The information above IS NOT out of date. It states at the beginning of the article that this comparison discusses basic acrylic and oil paints. In other words, water soluble paints were not included, acrylic retarders to increase drying times and other special types of paint were not discussed. This is to make the information applicable to everyone who paints – big budget v small budget, beginner vs master.

This “fine art snobbery” you talk about is not accurate at all. Prices of artwork are largely determined based on the artist’s reputation and where the work will be displayed. For example, artworks the are shown in galleries have been purchased from the conceptual meaning, not aesthetic value. Artwork shown in a person’s home is however bought for its aesthetic value. The pricing of the artwork also considers the cost of materials and the time is has taken to PAINT the artwork – not including drying time!

As someone who has worked with both acrylic and oil paint, I can say with certainty that I prefer oil paint. I love its long drying time; rich hues and ability to create subtle, realistic blends. As someone with a small budget for buying oil paint so I have found that applying a modelling paste underneath and creating a texture in that will reduce the amount of paint needed, thus reducing the cost. Anything can be used UNDER oil paint to create a mixed media painting.

virginia mcgowan

TWO options oil or acrylic … correction grammar, not which is best, it’s which is better.

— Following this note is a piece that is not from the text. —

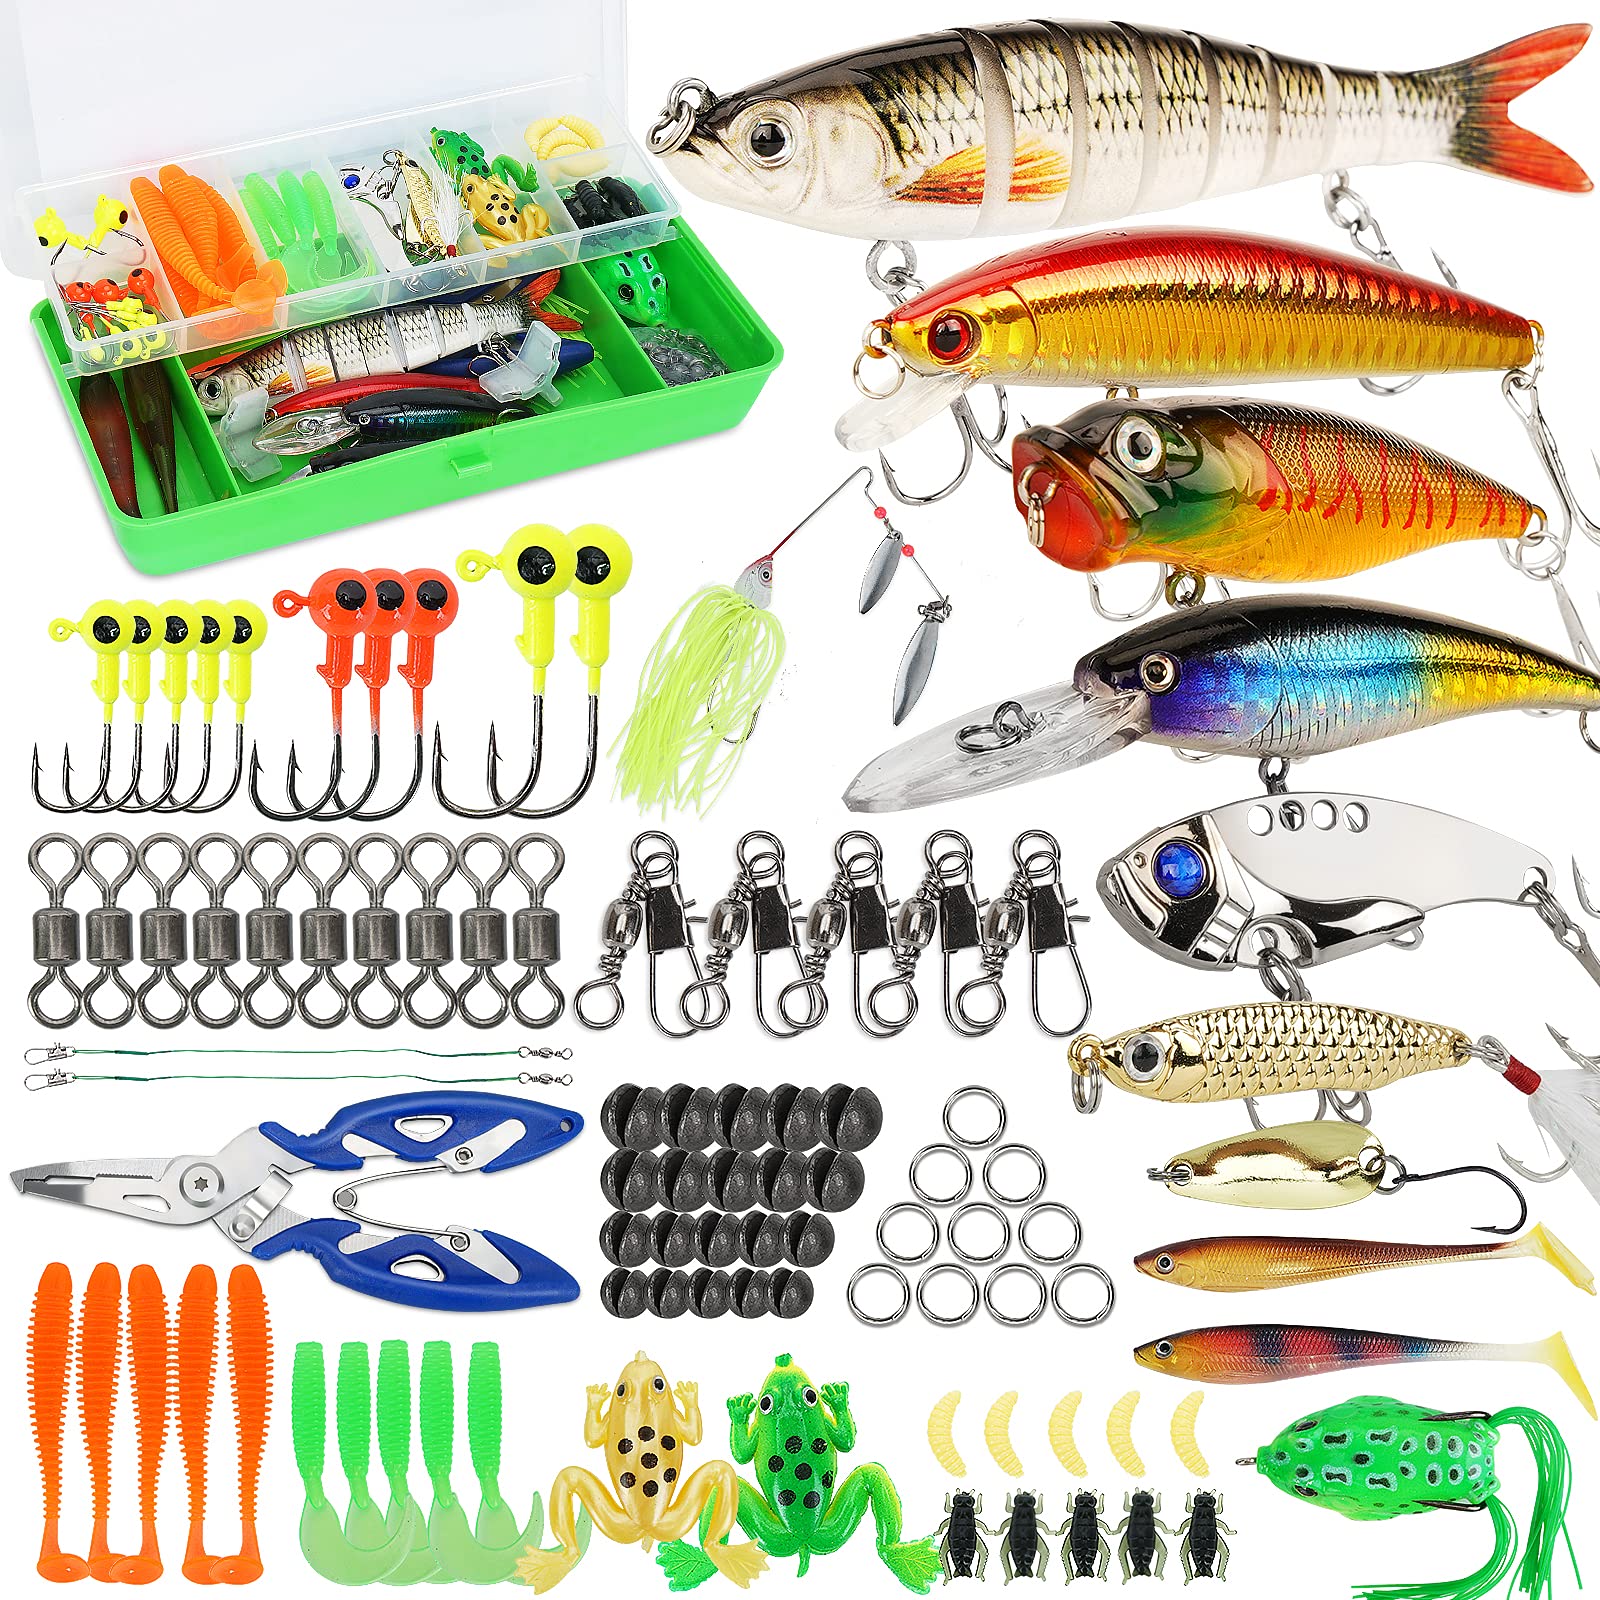 Fishing Equipment & Accessories

Nothing was said of, “water solvable oils”! Water soluble oils have all the handling qualities and the buttery feel of traditional oil color, but eliminates the odor of solvents in the studio by allowing you to clean your brushes, palette, and workspace with soap and water. Choose from your favorite brands such as Grumbacher, Holbein and Winsor & Newton.


Water soluble oils Opps, sorry for miss spelling..


you absolutely CAN paint layers with acrylics. that’s what GLAZING liquid is for…

Colin Griffin

I use them both on the same canvas or board then spray them with a wet coat of spray pack clear lacquer.

Any solvent left before the spray is applied gets vaporised with the lacquer solvent. I even use watercolor pencil give it all a spray lacquer tack coat then a good wet coat. I have never had a failure it is too easy. I have even used different brands of fast dry spray can lacquer.

Carla Rae

I paint in layers with acrylics all the time, and it works beautifully. I can’t think of one good reason to switch to oils!


I find acrylics are good but irritating when they dry so quickly,
oils take so long, I have to do an underpainting before I can work with it, wait a day or so and come back to it, if I don’t the paint just seems difficult to work with. Once over initial hurdle it works well and looks great.

Rose Thompson

I use oils and have tried different detergents/agents to clean my brushes. The best to date for me is using Murphy’s oil soap. It’s wonderfuL, smells great and really is gentle on one’s brushes and hands!


I have painted with both, oils and acrylics. For the first 20 years with oils, and the next 20 years with acrylics, oils, oils over acrylics, and almost everything else.
I know the characteristics of both and expect them to behave as described (drying time). I really don’t see the problem that some people have with any of them.
My final paintings are just as good in both. The little differences are insignificant.
My main reason to use acrylics is that most of those paintings take me 4 or 5 hours to complete, all layers. I can start in the afternoon and be completely finished by 8 or 9 pm. Oils, on the other hand take longer,but allow for very subtle blending when the painting needs it.
Acrylics also allow the easy use of other media. Try crayon over ink over acrylics over Krylon aerosol background, Crazy? Yes!! I have even used Sharpie color markers over acrylic. I bet Leonardo would have tried all modern paints and probably liked them as much as oil or more.